» What the exercise asks
Return the data word for word. Pictures are to be omitted.

» Dataset extract
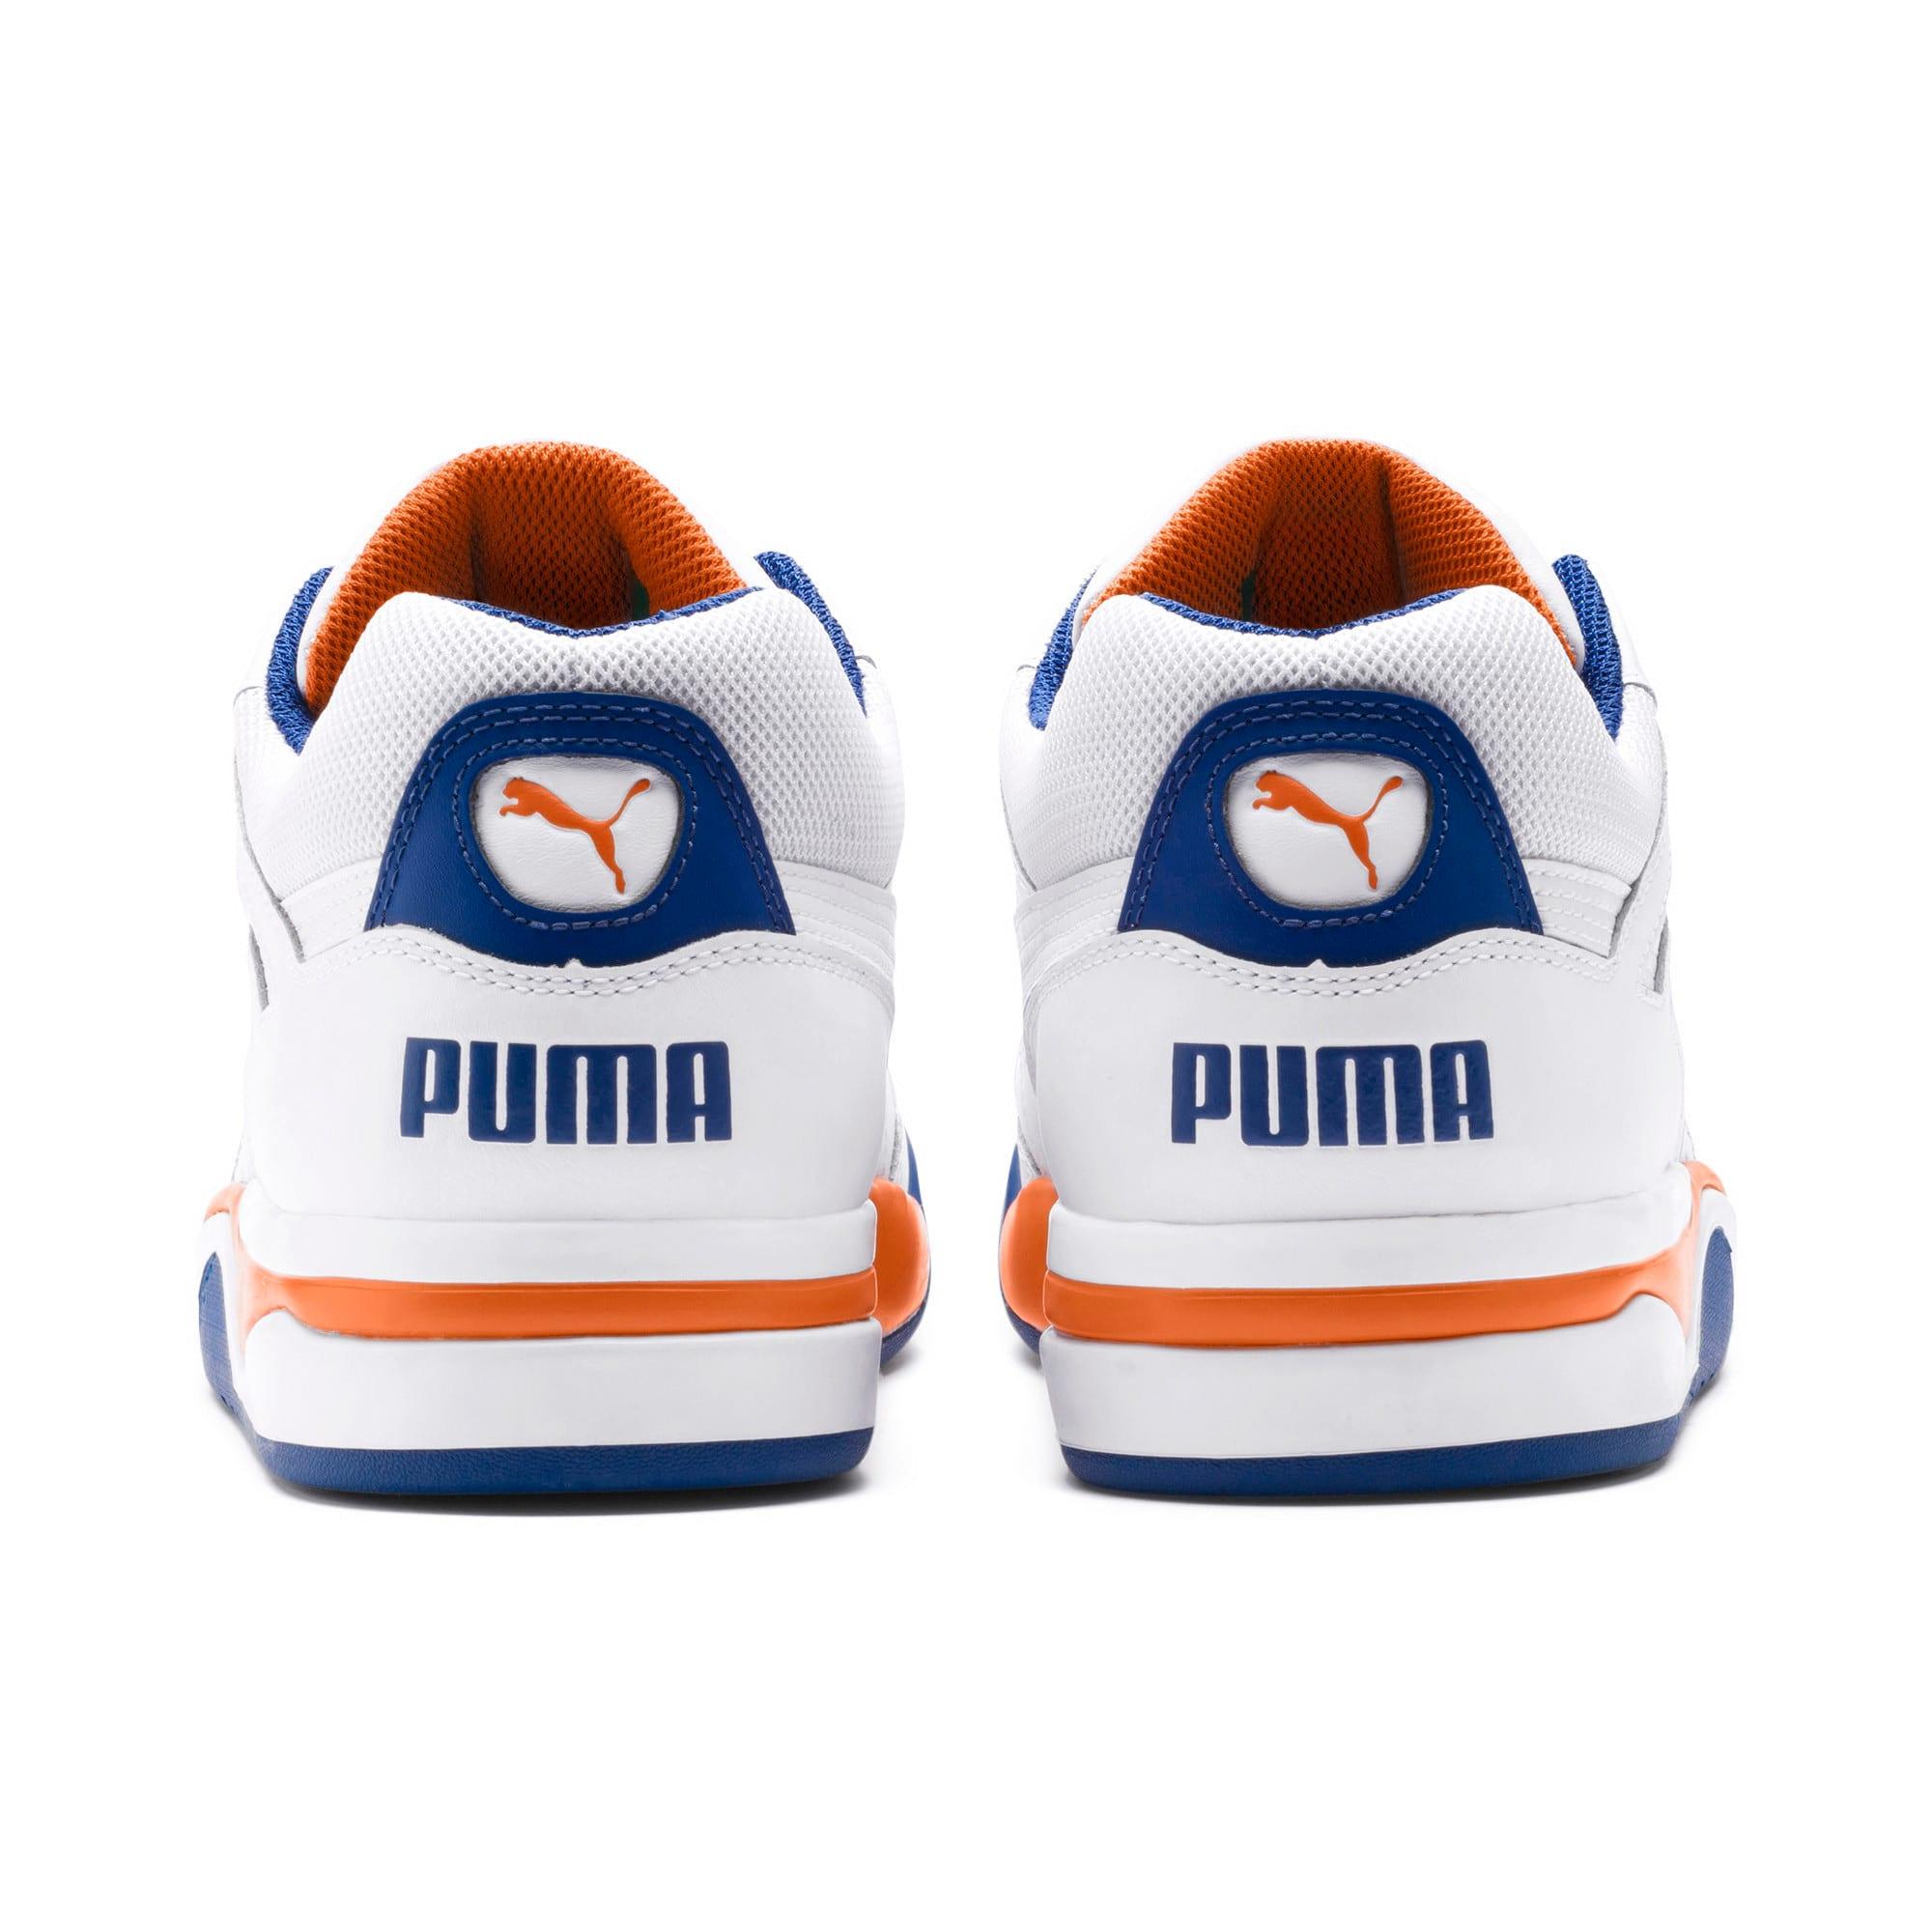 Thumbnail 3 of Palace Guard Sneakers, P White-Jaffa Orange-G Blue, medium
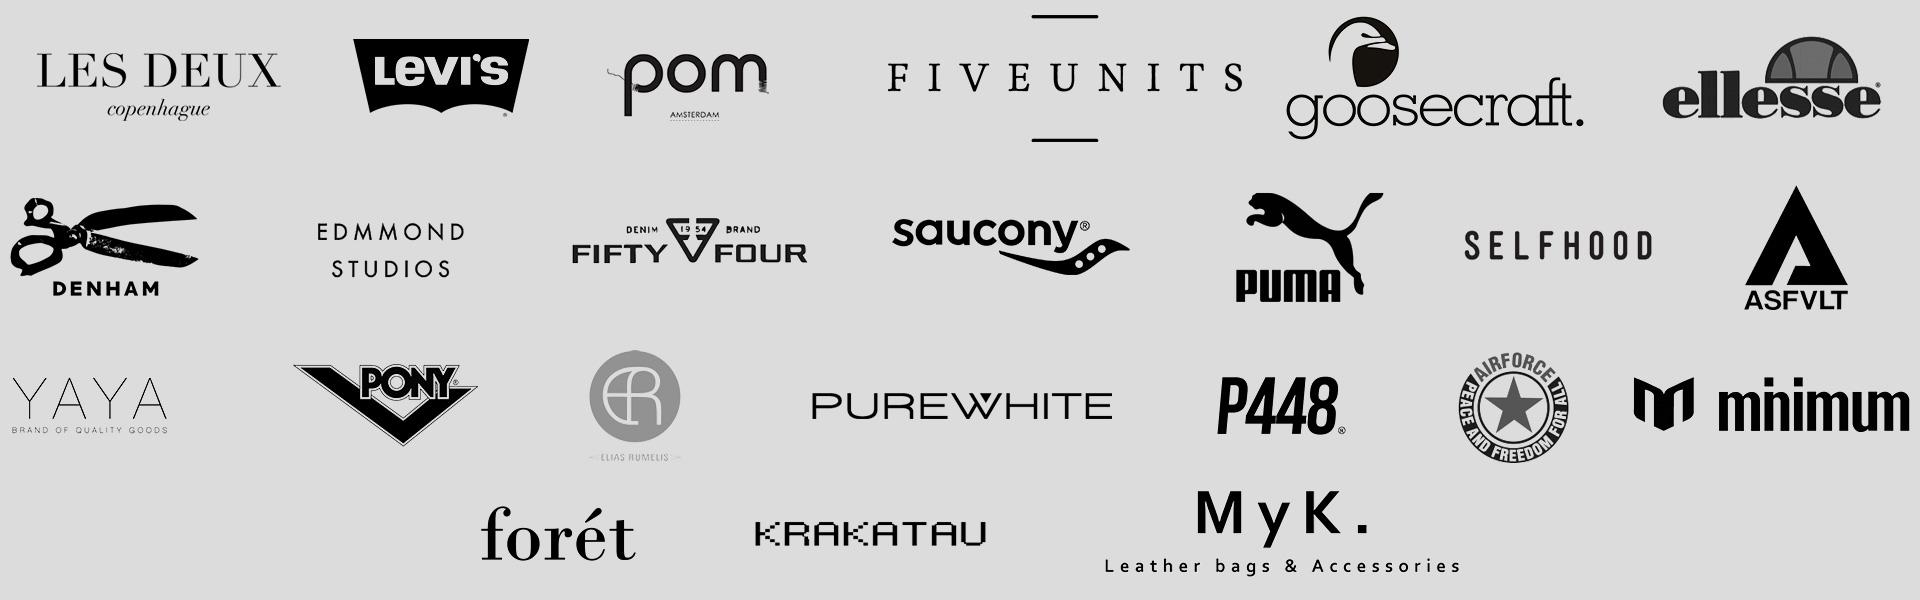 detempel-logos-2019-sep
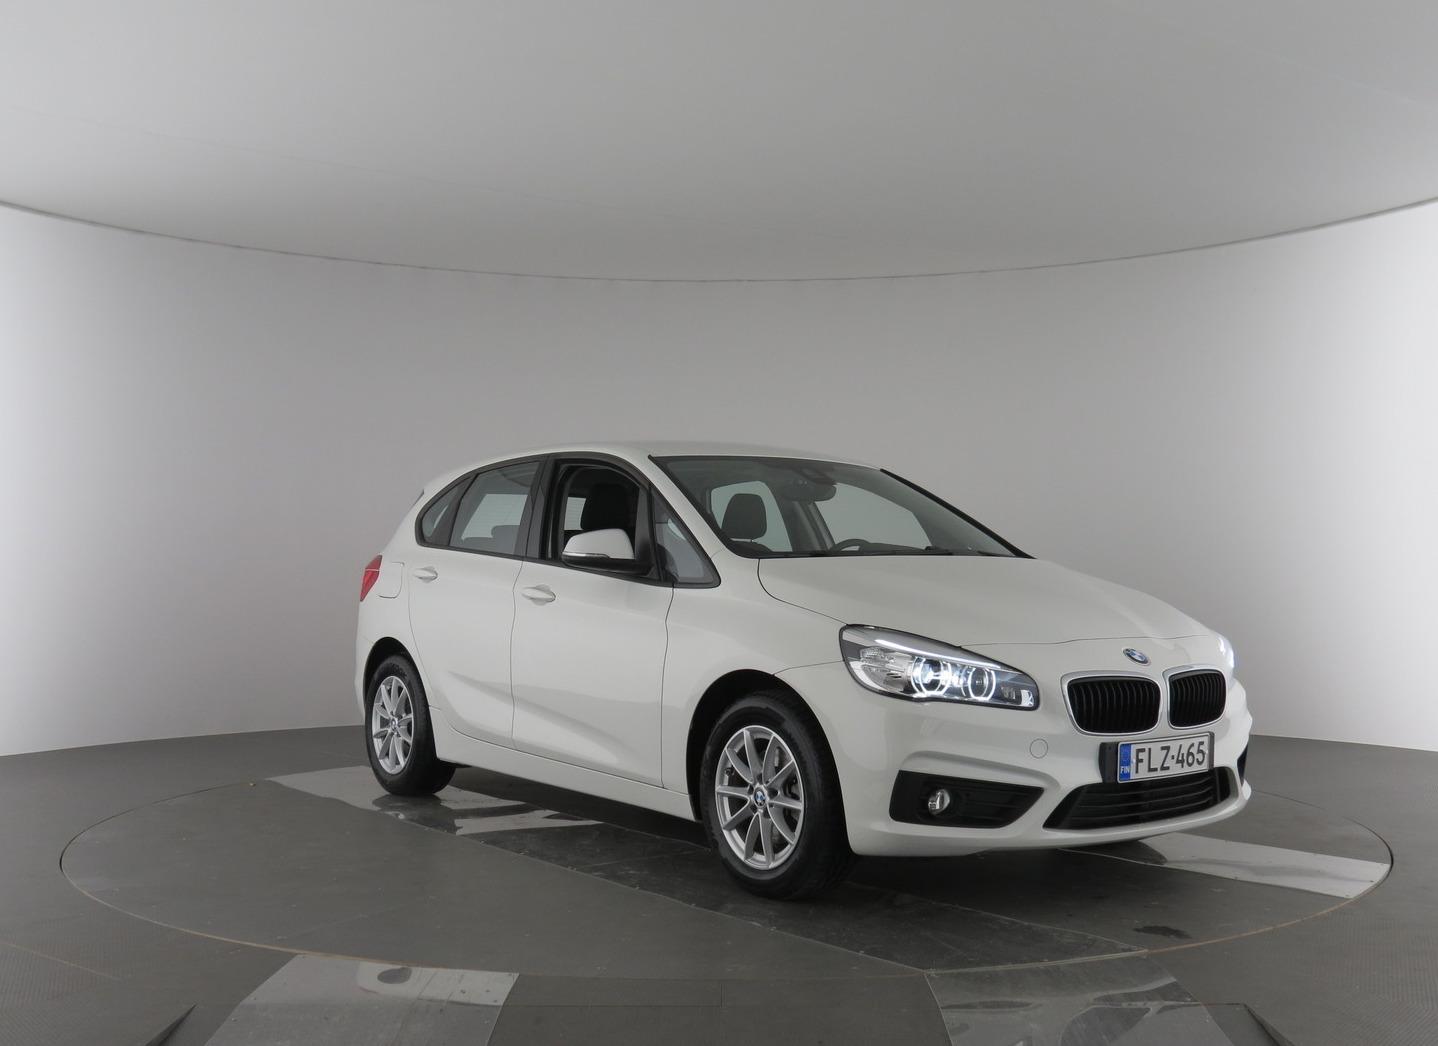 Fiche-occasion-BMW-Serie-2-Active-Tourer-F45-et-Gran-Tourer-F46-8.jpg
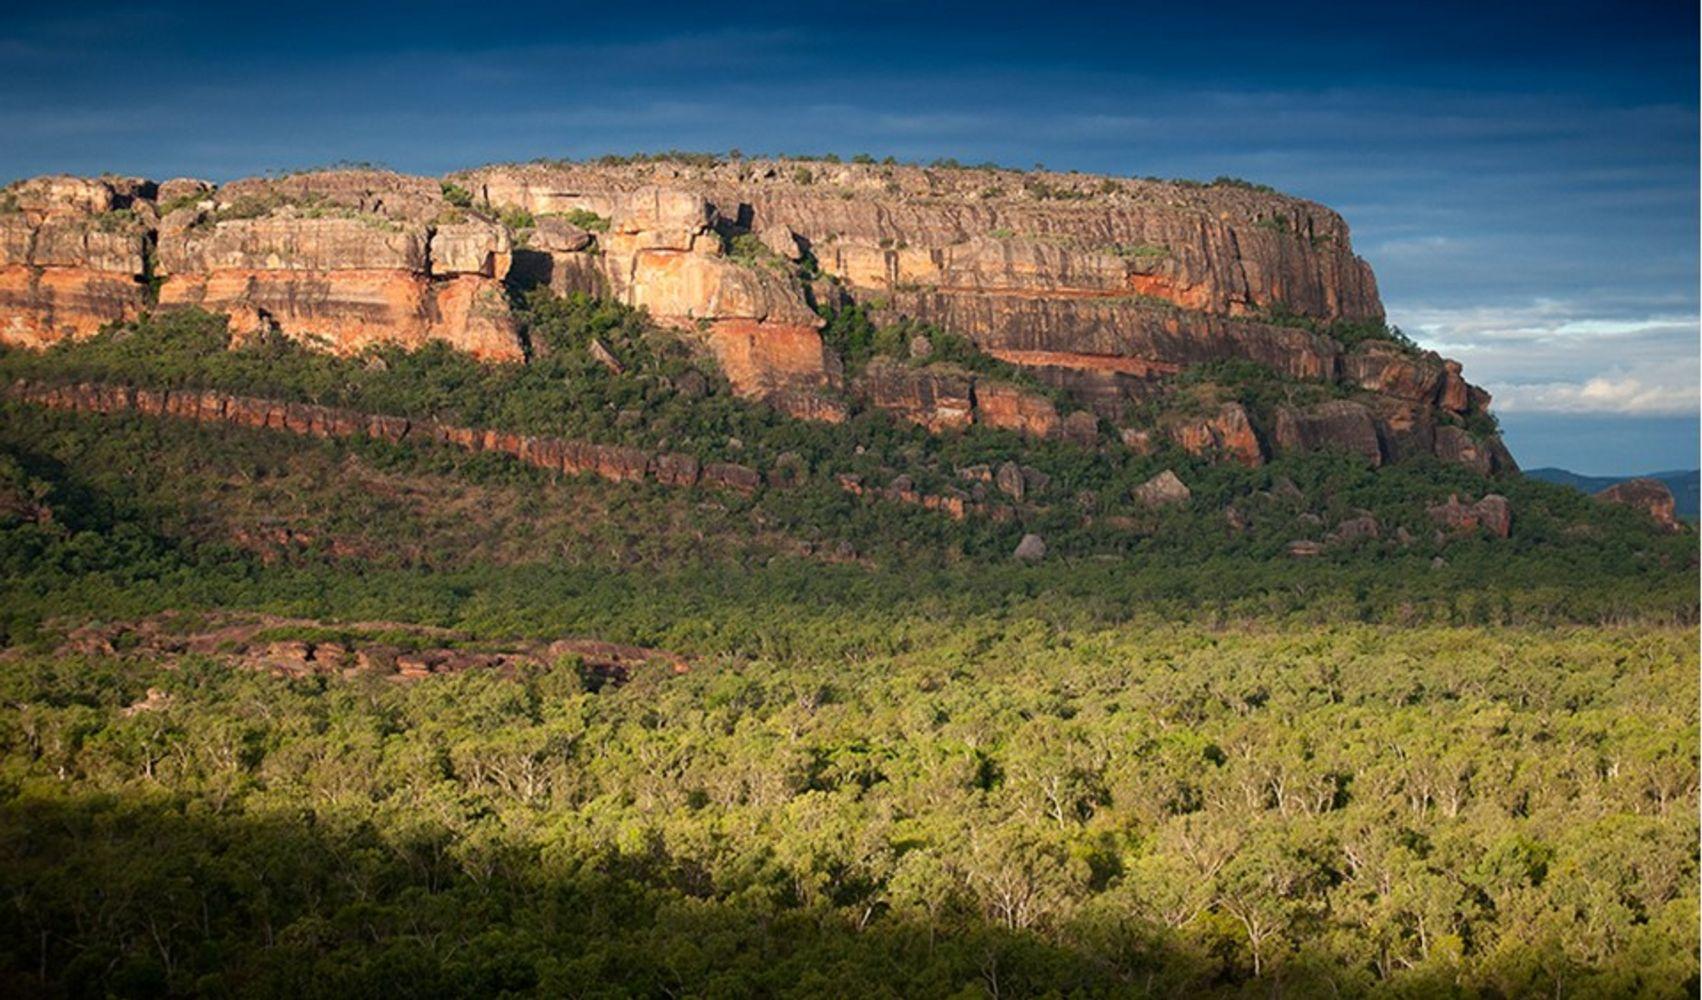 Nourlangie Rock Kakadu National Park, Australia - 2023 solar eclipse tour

» Written answer
 Thumbnail 3 of Palace Guard Sneakers, P White-Jaffa Orange-G Blue, medium
 detempel-logos-2019-sep
 Fiche-occasion-BMW-Serie-2-Active-Tourer-F45-et-Gran-Tourer-F46-8.jpg
 Nourlangie Rock Kakadu National Park, Australia - 2023 solar eclipse tour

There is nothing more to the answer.